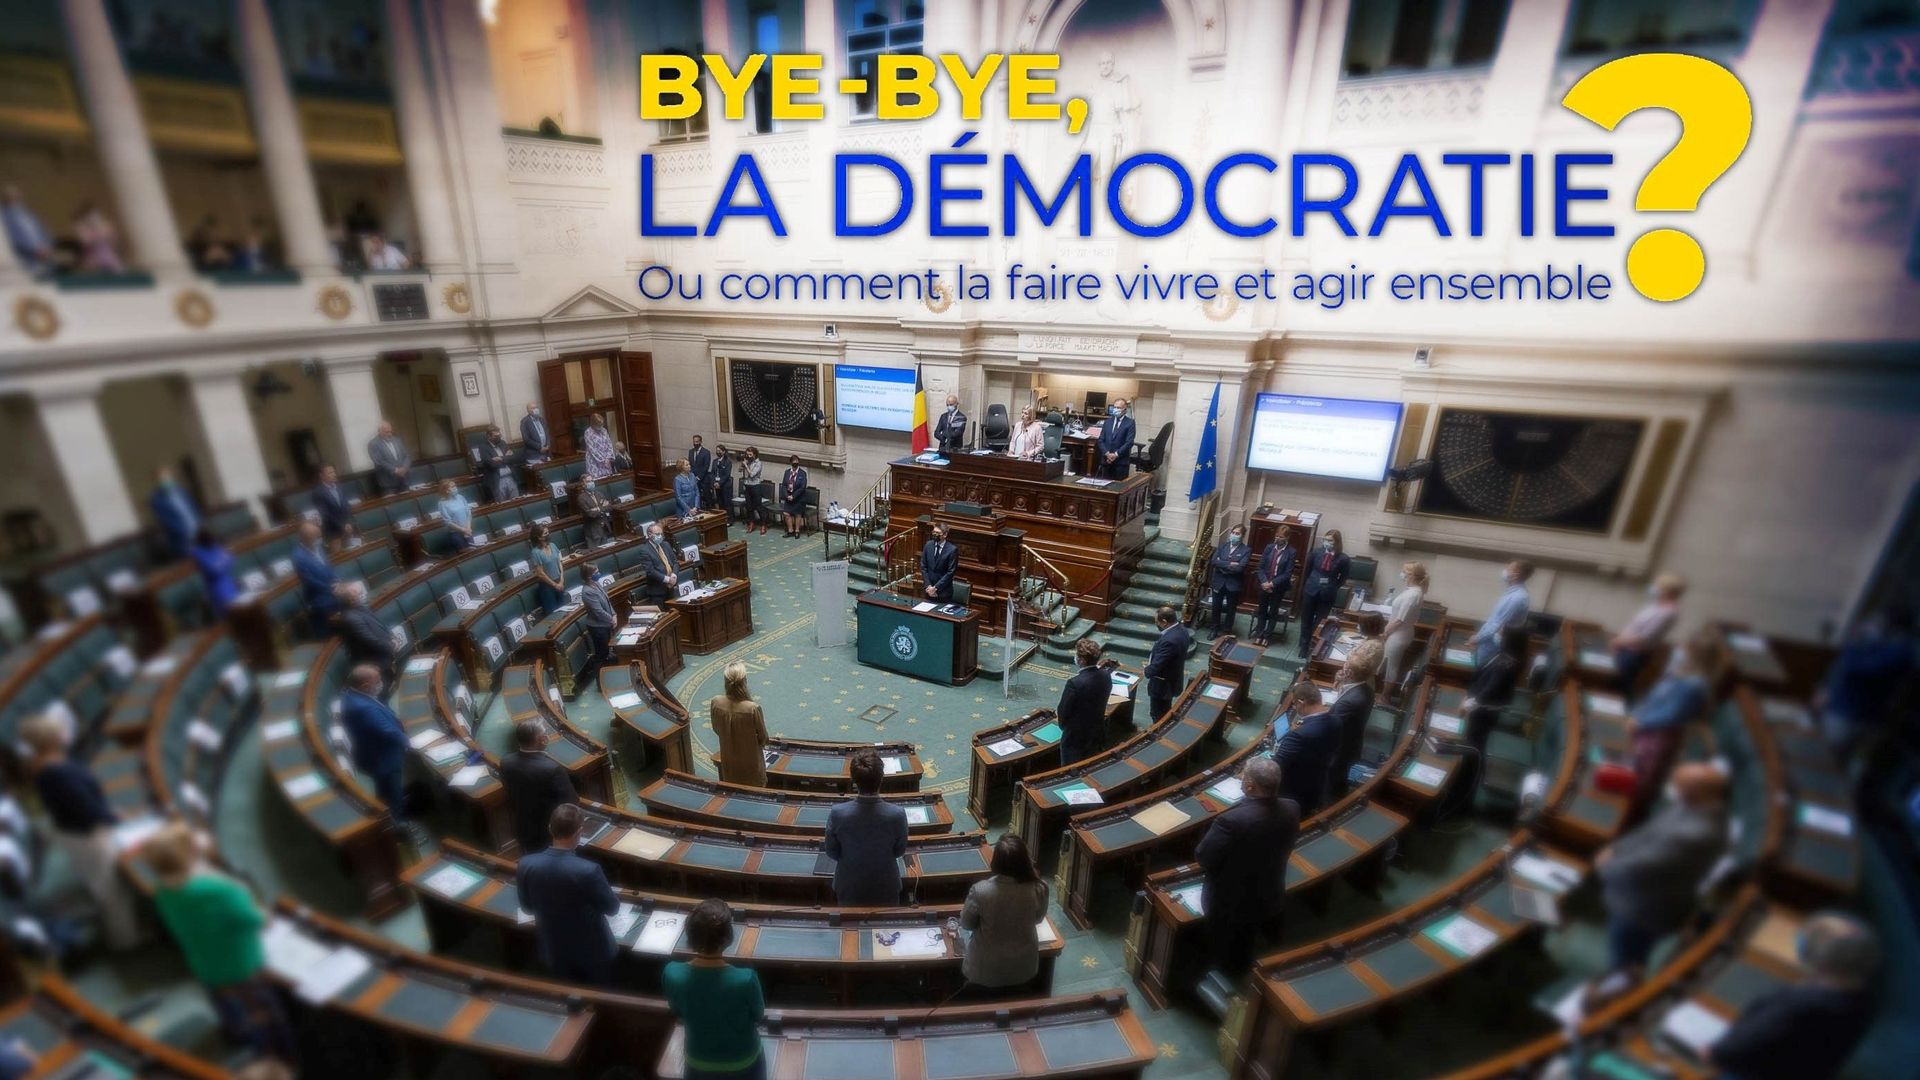 Sondage RTBF : un quart des Belges veulent la fin de notre démocratie parlementaire
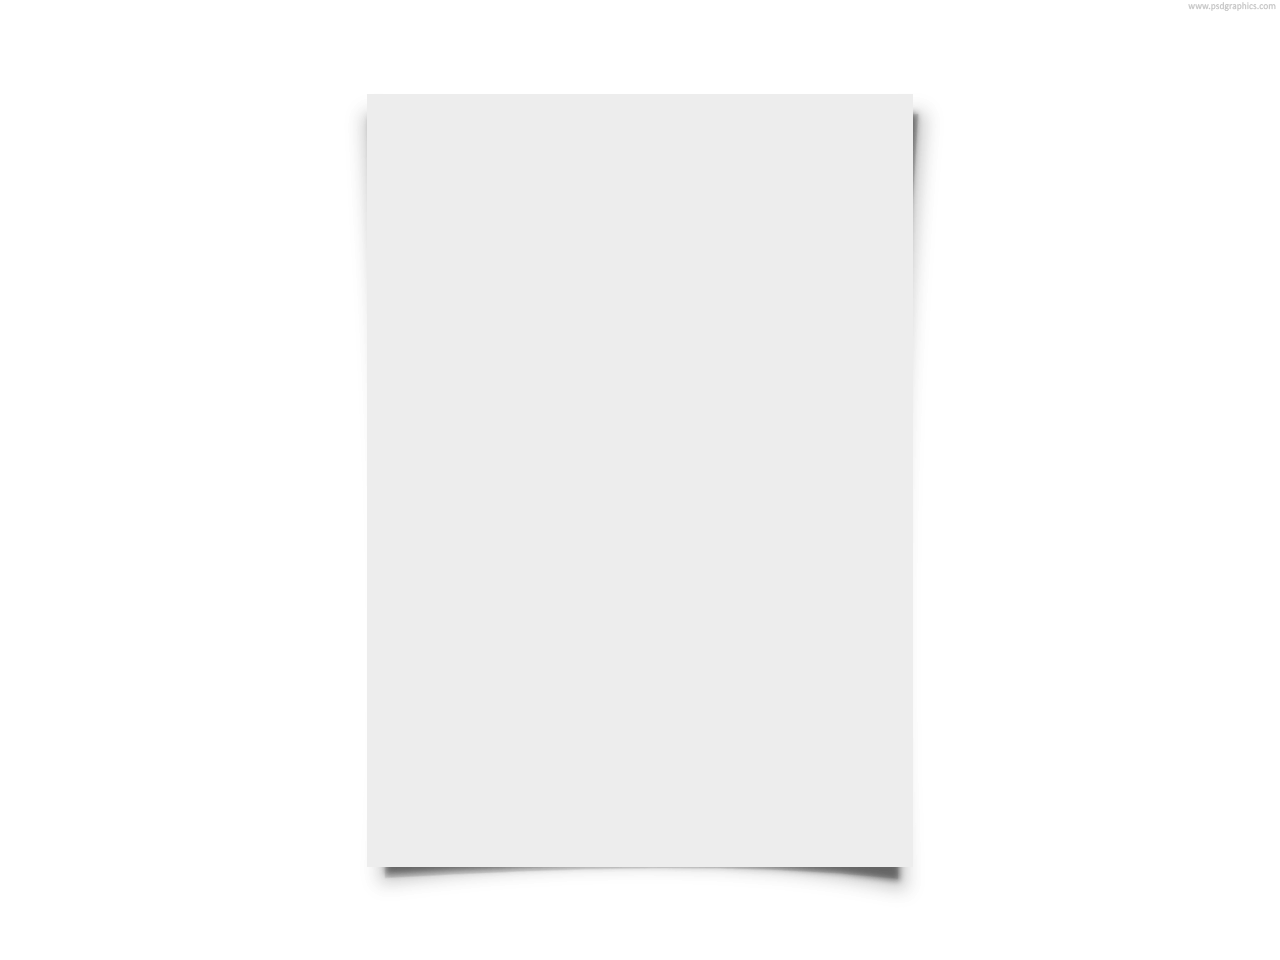 plain white paper
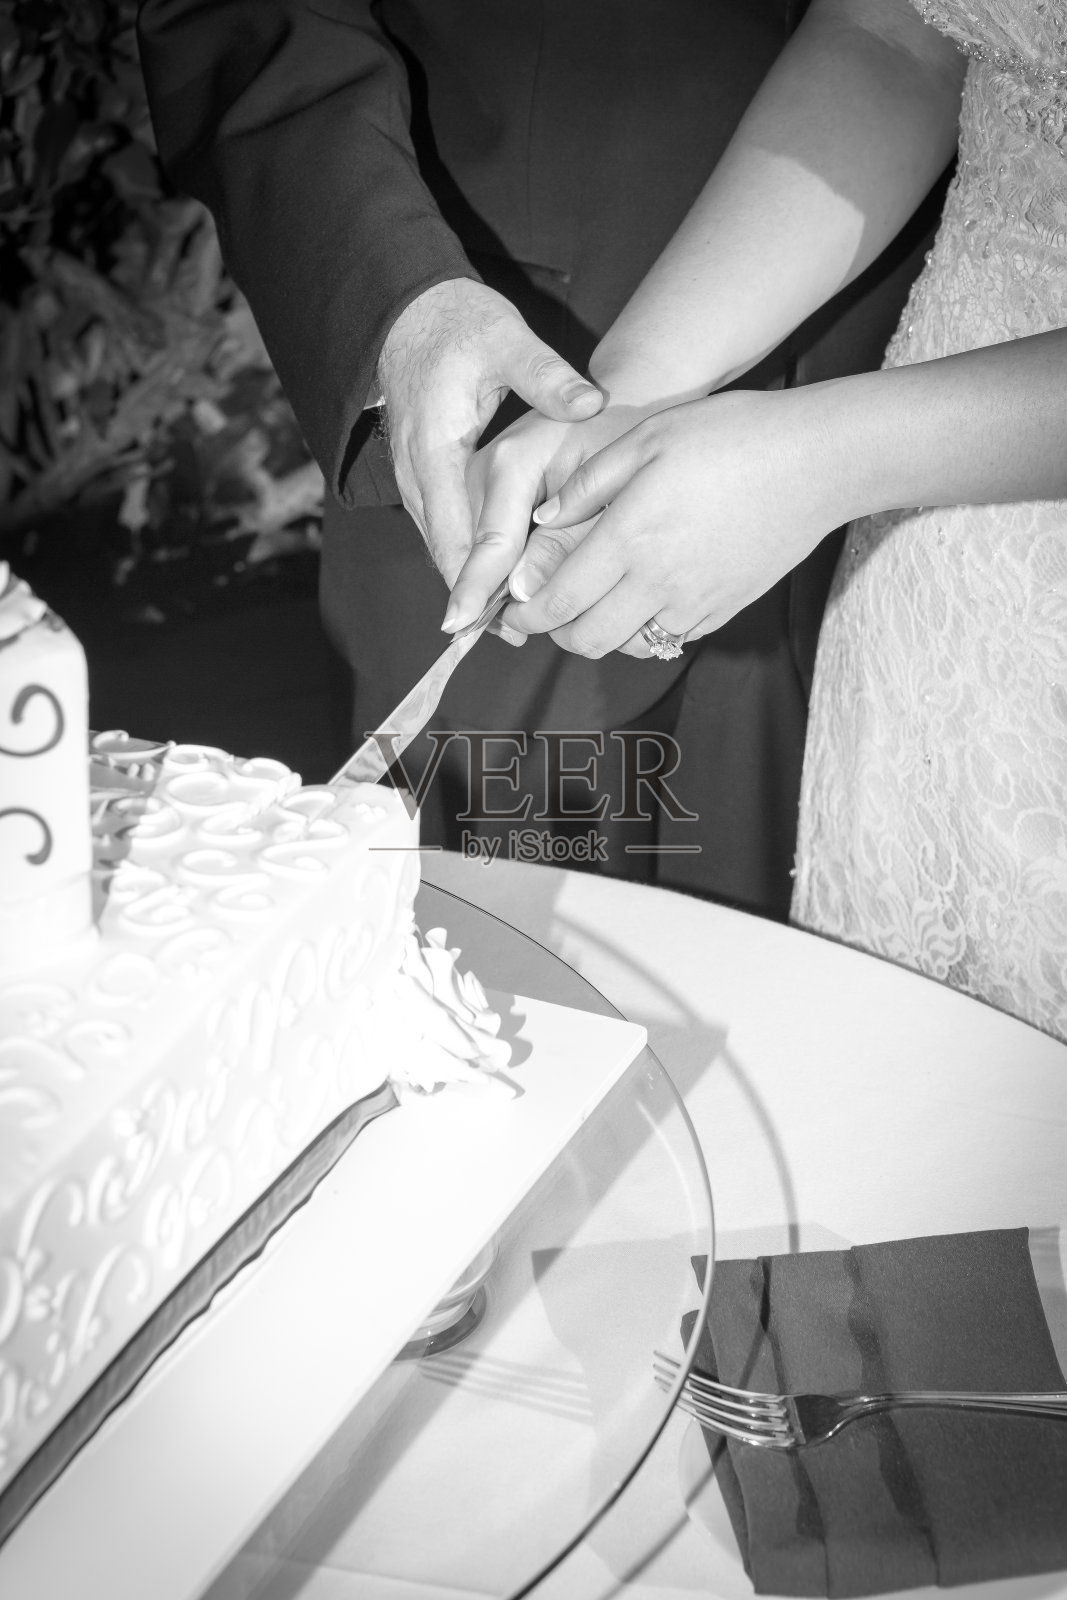 新娘和新郎一起切婚礼蛋糕照片摄影图片
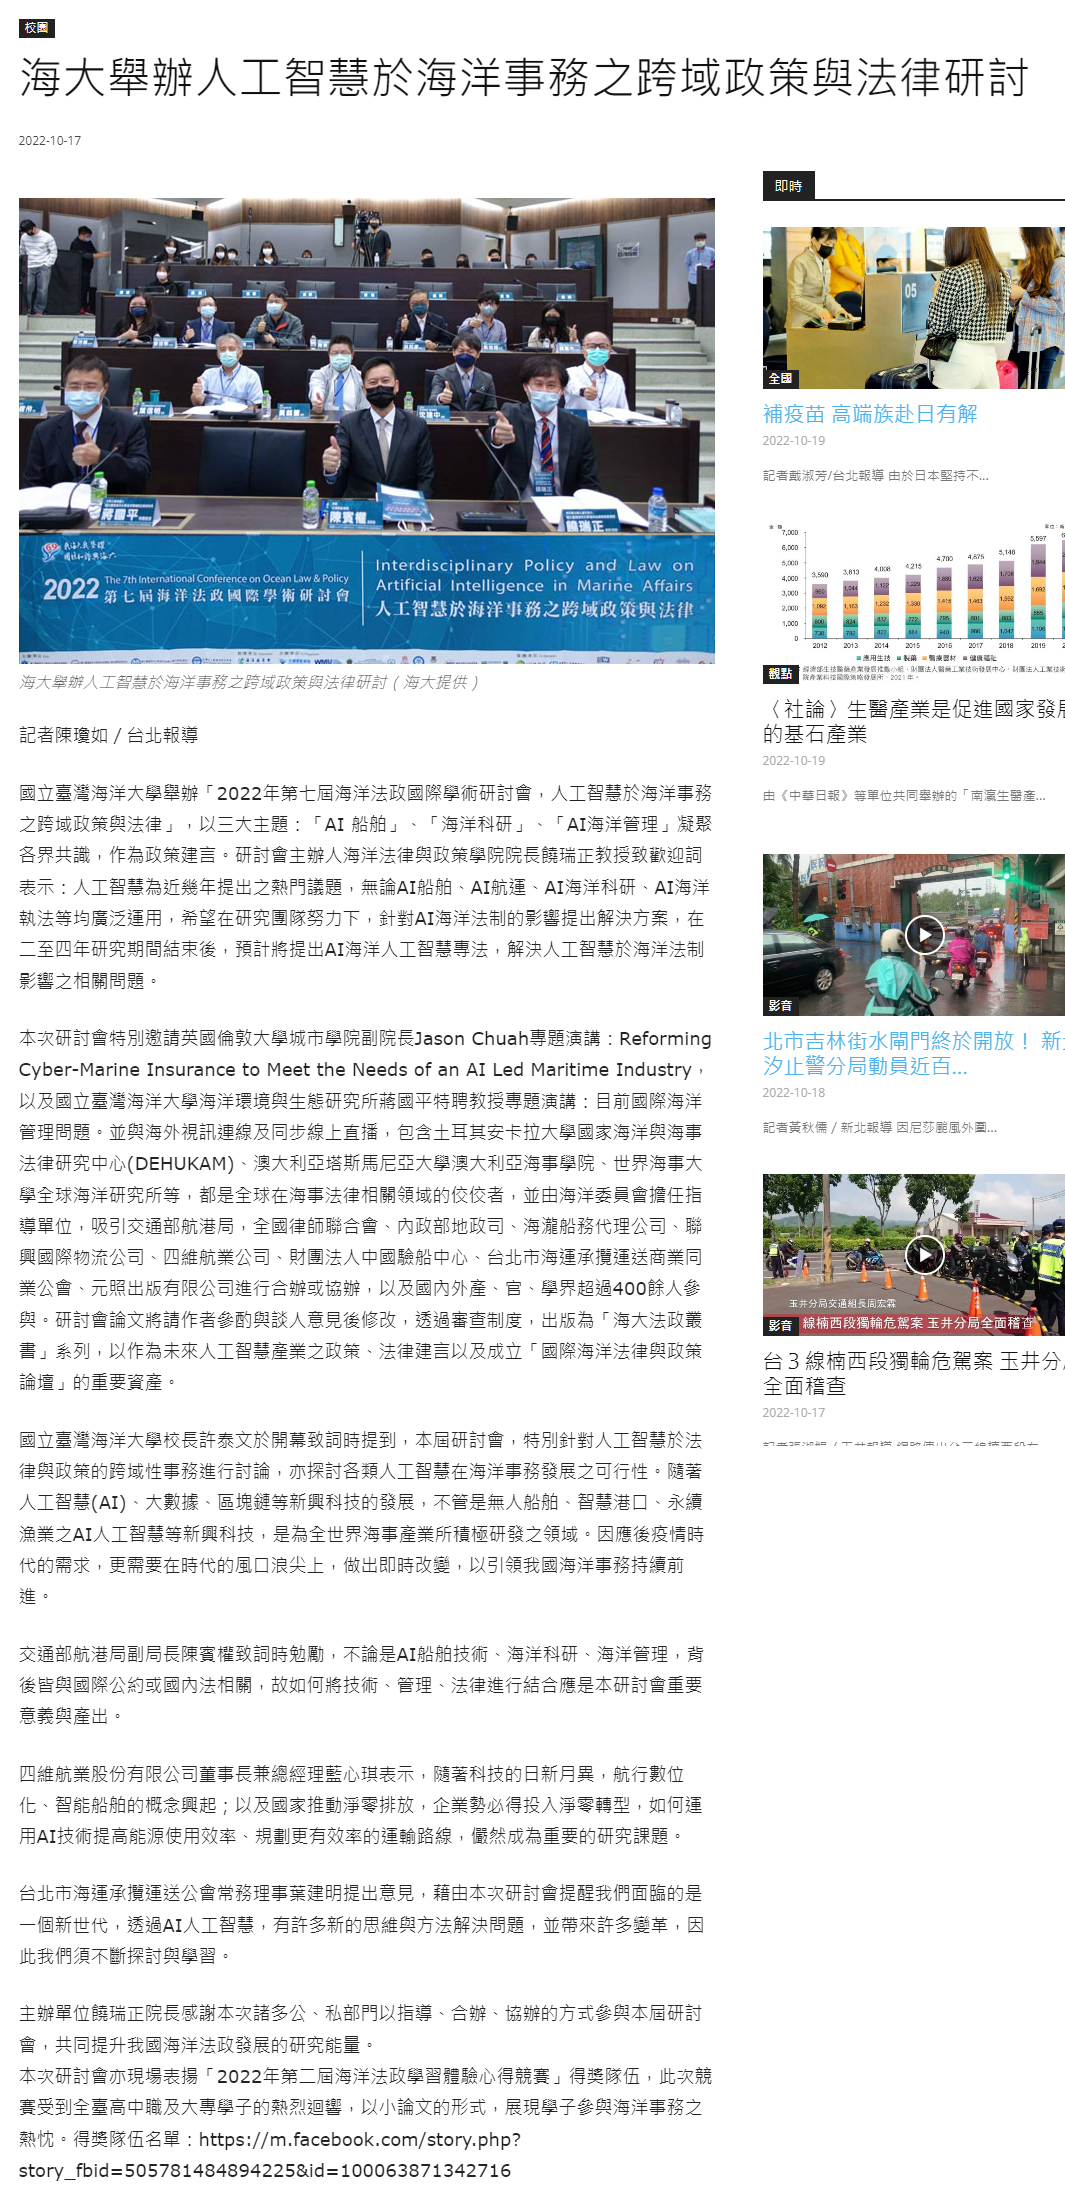 海大舉辦人工智慧於海洋事務之跨域政策與法律研討 - 中華日報-中華新聞雲

Task:
Return the listing above in full and without alteration, excluding its pictures.

Solved exercise:
 Sondage RTBF : un quart des Belges veulent la fin de notre démocratie parlementaire
 plain white paper
 新娘和新郎一起切婚礼蛋糕照片摄影图片
 海大舉辦人工智慧於海洋事務之跨域政策與法律研討 - 中華日報-中華新聞雲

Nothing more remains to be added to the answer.